Al contrario del mercato che si organizza in uno spazio potenzialmente infinito, l’intero pianeta, ma declina le proprie scelte dentro un tempo estremamente ridotto, l’indice di Borsa del giorno successivo. E’ questa differenza a far sì che gli interessi di mercato siano quasi sempre in diretto contrasto con i bisogni della vita delle persone.

L’economia della pianura padana lasciata al mercato, oltre ad aver prodotto pesanti livelli di inquinamento complessivo che hanno trasformato il serio problema sanitario prodotto dalla pandemia da Covid19 in una tragedia di massa, ha messo in campo un’idea di agricoltura, allevamento, industria e produzione energetica vocate al massimo rendimento nel minimo arco temporale. Una relazione predatoria nei confronti del suolo, dell’aria, dell’acqua, dell’energia e della salute delle persone che ha prodotto grandi risultati di fatturato per le industrie dell’agro-business e di utili in Borsa per le multiutility dell’acqua e dell’energia.

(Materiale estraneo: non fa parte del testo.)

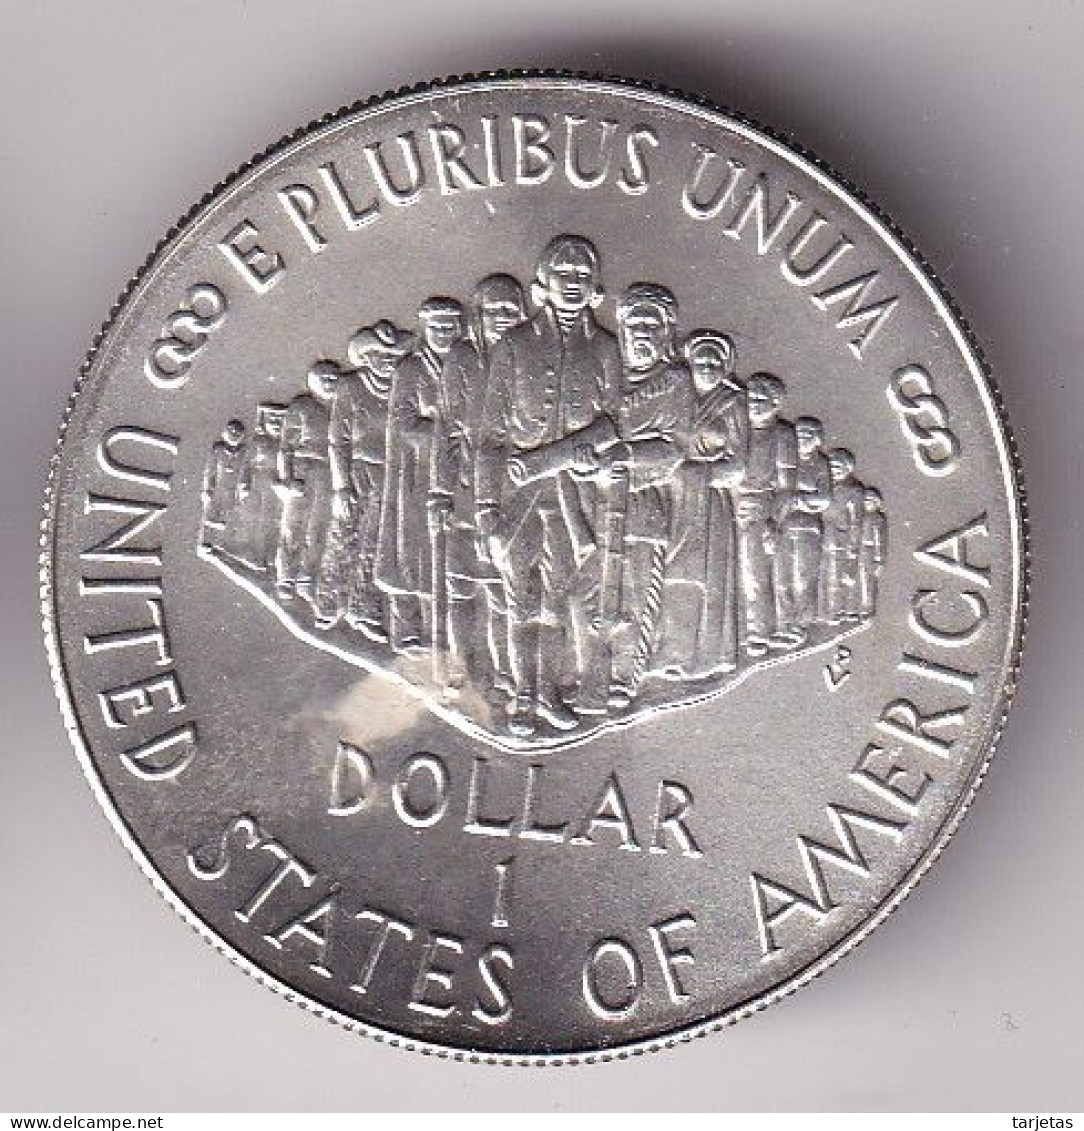 MONEDA DE PLATA DE ESTADOS UNIDOS DE 1 DOLLAR DEL AÑO 1987 (SILVER-ARGENT) - Conmemorativas

Permettendo alle stesse di comportarsi come quell’uomo del film “L’odio” che, cadendo da un palazzo di 50 piani, man mano che passa da un piano all’altro continua ripetersi «fino a qui, tutto bene», misurando il ‘qui ed ora’ della caduta e non l’esito dell’atterraggio.

Esito che nella pianura padana è arrivato con la più grave crisi idrica degli ultimi 70 anni e il Po ridotto a un rigagnolo circondato da distese di sabbia.

Prima che gli interessi delle grandi lobby scendano in campo per far ricadere la crisi ancora una volta sulle spalle degli abitanti, è il momento che le comunità locali insorgano per prendersi cura del ramo su cui siamo seduti contro chi continua a segarlo. Magari rivendicando che i soldi del Pnrr vadano alla cura e alla manutenzione dei territori invece che a nuove basi militari dentro parchi naturali.